Riffi Haddaoui

Personal information
- Full name: Karim Ben Haddaoui
- Date of birth: 24 March 1971 (age 55)
- Position: Forward

Senior career*
- Years: Team / Apps / (Gls)
- 1991–1994: BK Avarta
- 1994–1996: B.93
- 1996: Torquay United F.C.
- 1996: FinnPa
- 1997: Guangzhou Apollo
- 1998: PK-35
- 1997–1998: Hvidovre IF

= Riffi Haddaoui =

Danish footballer (born 1971)

Riffi Haddaoui (born 24 March 1971) is a Danish former football player. He played for a number of Danish clubs, most notably Boldklubben 1893 (B 93) in the Danish Superliga, as well as a number of foreign clubs (Sweden: Kiruna FF, England: Torquay United, Finland: Finnpa, China: Guangzhou Apollo, Norway: SK Gjøvik-Lyn).

==Playing career==
Haddaoui started his career playing for Danish 1st Division side Avarta, where he attracted the attention of Danish Superliga clubs FC Copenhagen and Lyngby FC. He was loaned out from Avarta to FC Copenhagen's 1993 UEFA Intertoto Cup campaign and Lyngby's 1994 UEFA Intertoto Cup campaign but he ended up permanently joining rival 1st Division club B 93 in September 1994. He had a few training sessions with Scottish First Division side Airdrie in December 1995, but could not agree personally on terms, and he eventually rejoined Avarta in the 1st Division. In March 1996, Haddaoui joined English 3rd Division club Torquay United on loan. He made two appearances as a substitute in his month at the club, before moving to Finnish club FinnPa for the rest of the season.

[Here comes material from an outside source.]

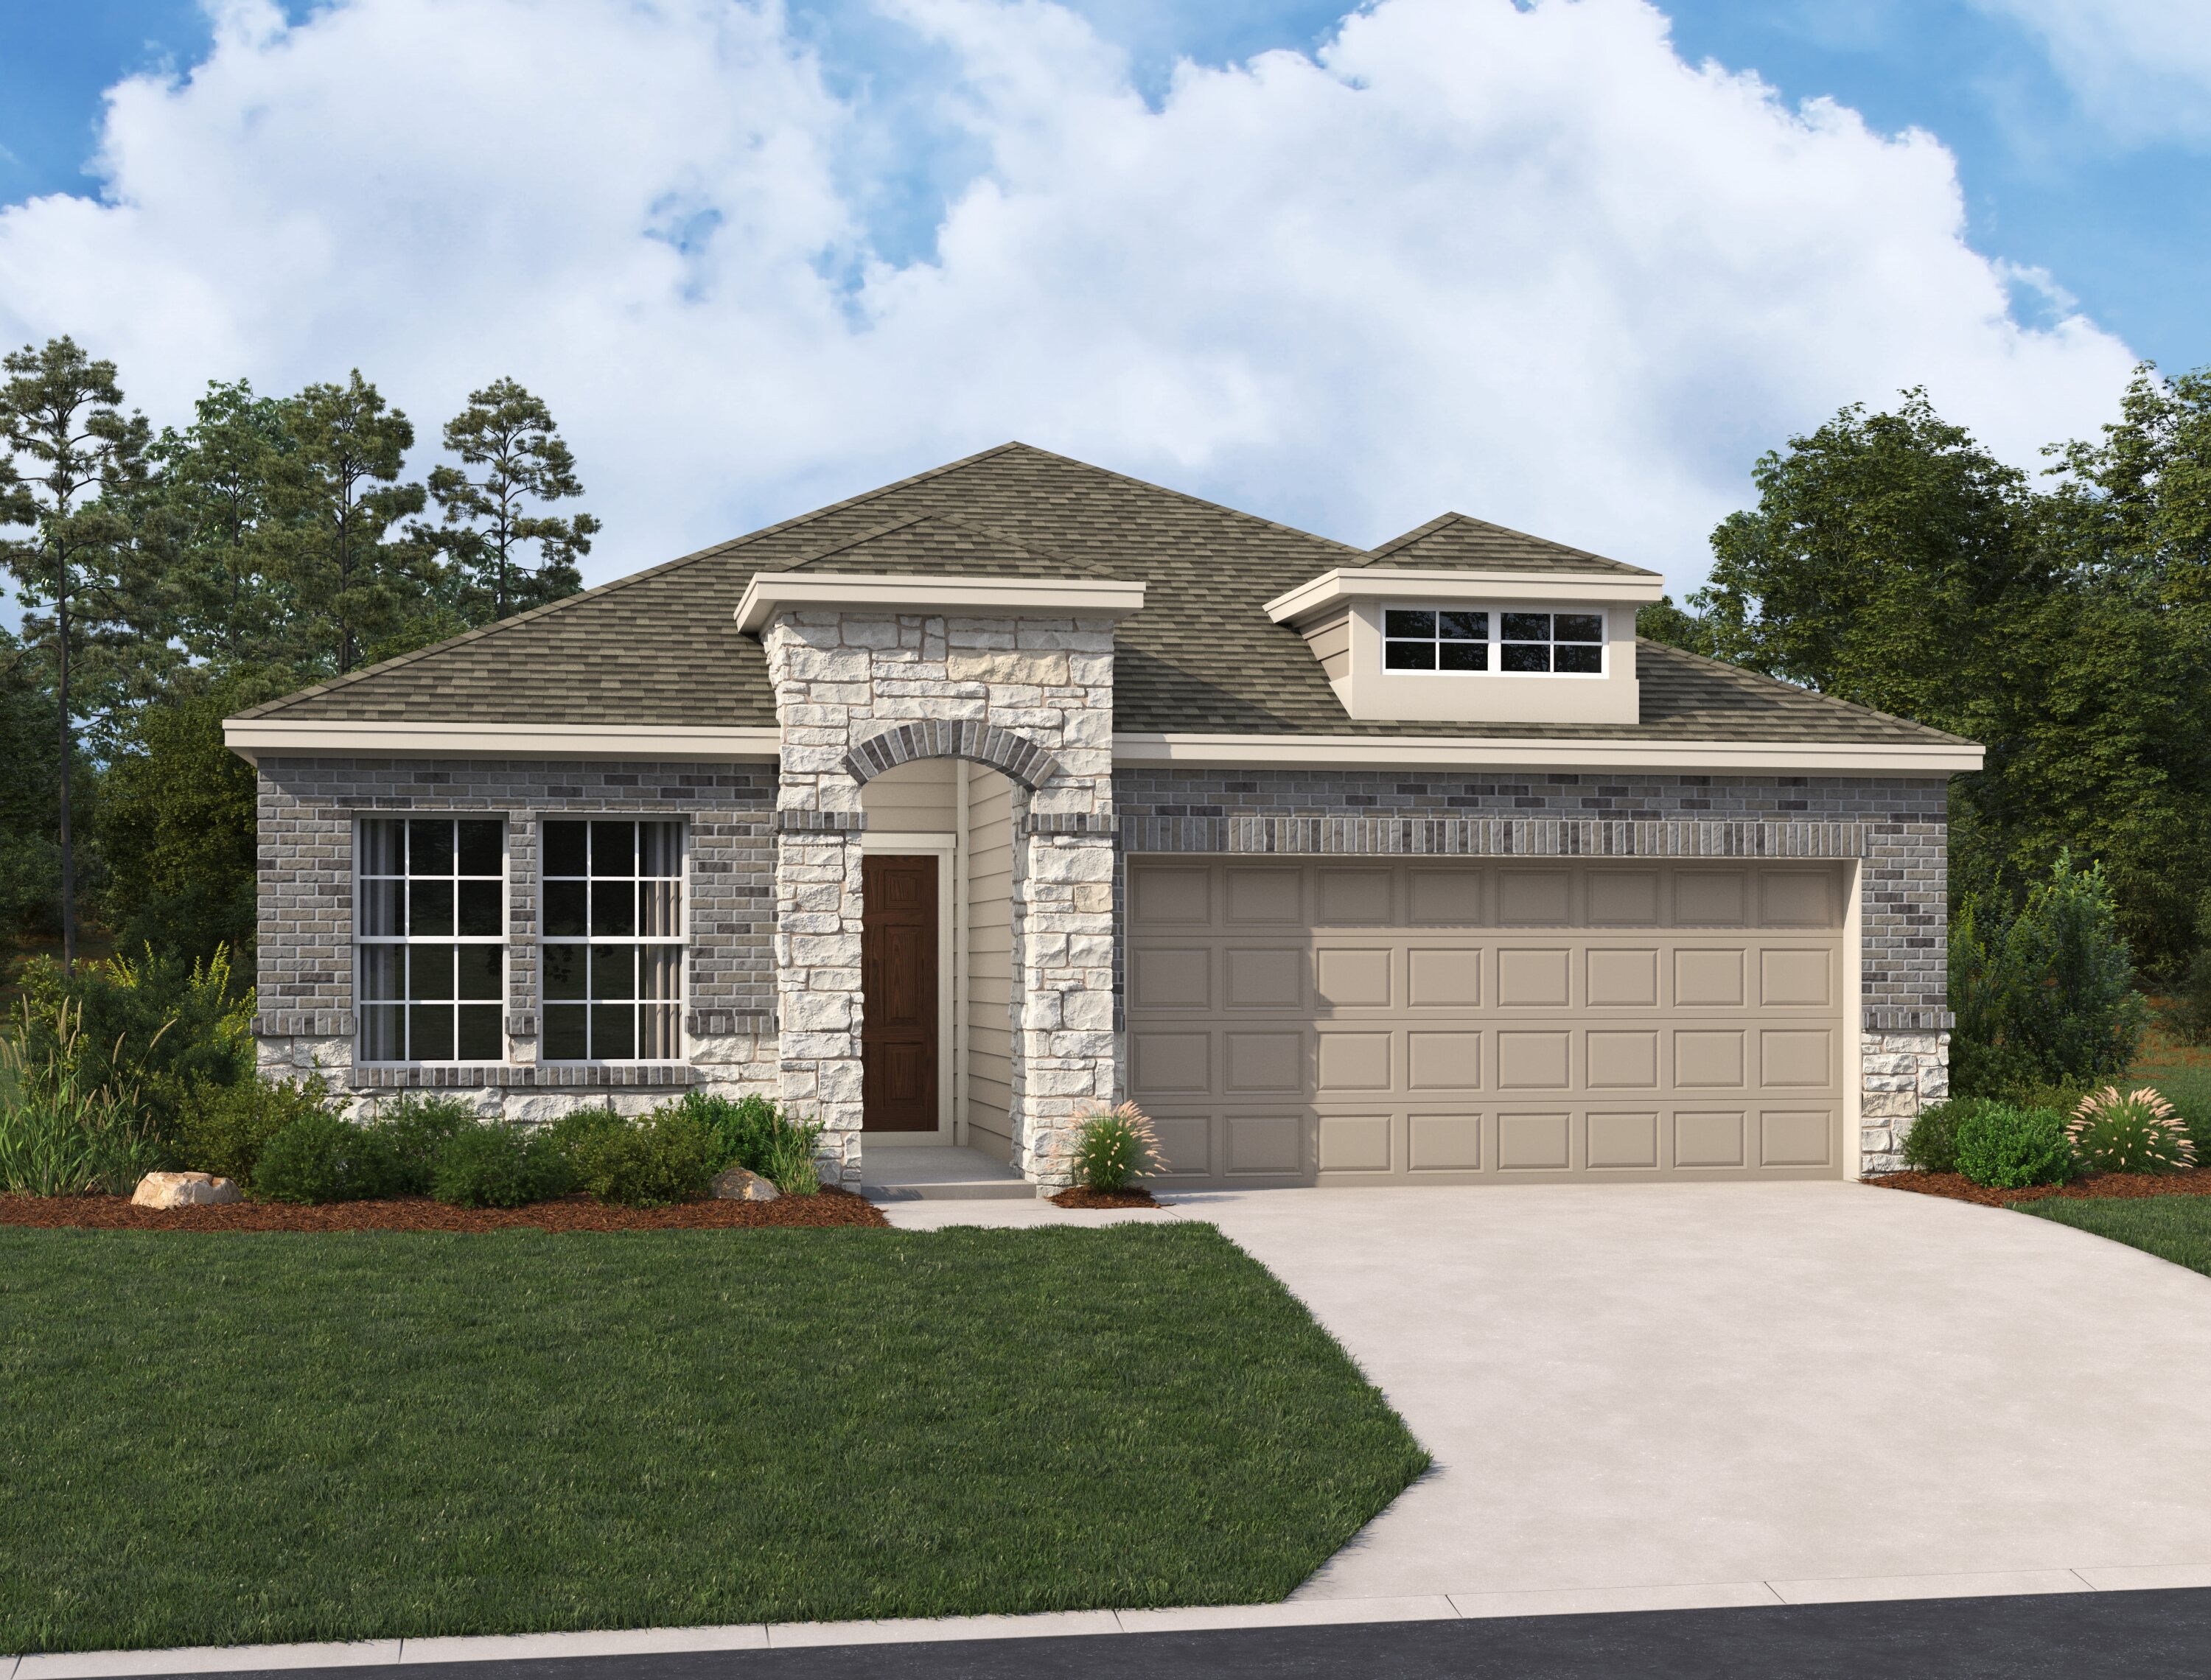 Prism New Home Plan for Enclave at Hennersby Hollow in San Antonio ...

After a successful season in Finland, where Haddaoui finished as the league's second highest goalscorer, he moved to Chinese Jia-A League side Guangzhou Apollo on a 10-month contract in February 1997. He returned to Denmark in August 1997, following reports of cultural shock and poor living from Haddaoui and Danish teammate Kim Rasmussen. Haddaoui joined Hvidovre IF in the Danish 1st Division and after making 10 goals, he joined the Norwegian Club Gjøvik Lyn. He then moved back to B 93, who had won promotion to the Danish Superliga, and Haddaoui scored a single goal in the 1998-99 Superliga season. His single goal was not enough, as B 93 were relegated following their single season in the Superliga. In the same season, he won the topscorer prize in the Danish indoor championship for superleague clubs called BT cup.

Haddaoui joined Copenhagen rivals HIK in the 1st Division in 1999 and played for 2 1/2 seasons, making an impressive 48 goals. He was still playing part-time for HIK in the Danish 2nd Division in the 2001–02 season, while working as a web consultant for webmagazine Ingeniøren.
Riffi, since 2011, is the founder of VI Elsker 90'erne, a big festival caravan in 12 cities in Denmark and Sweden.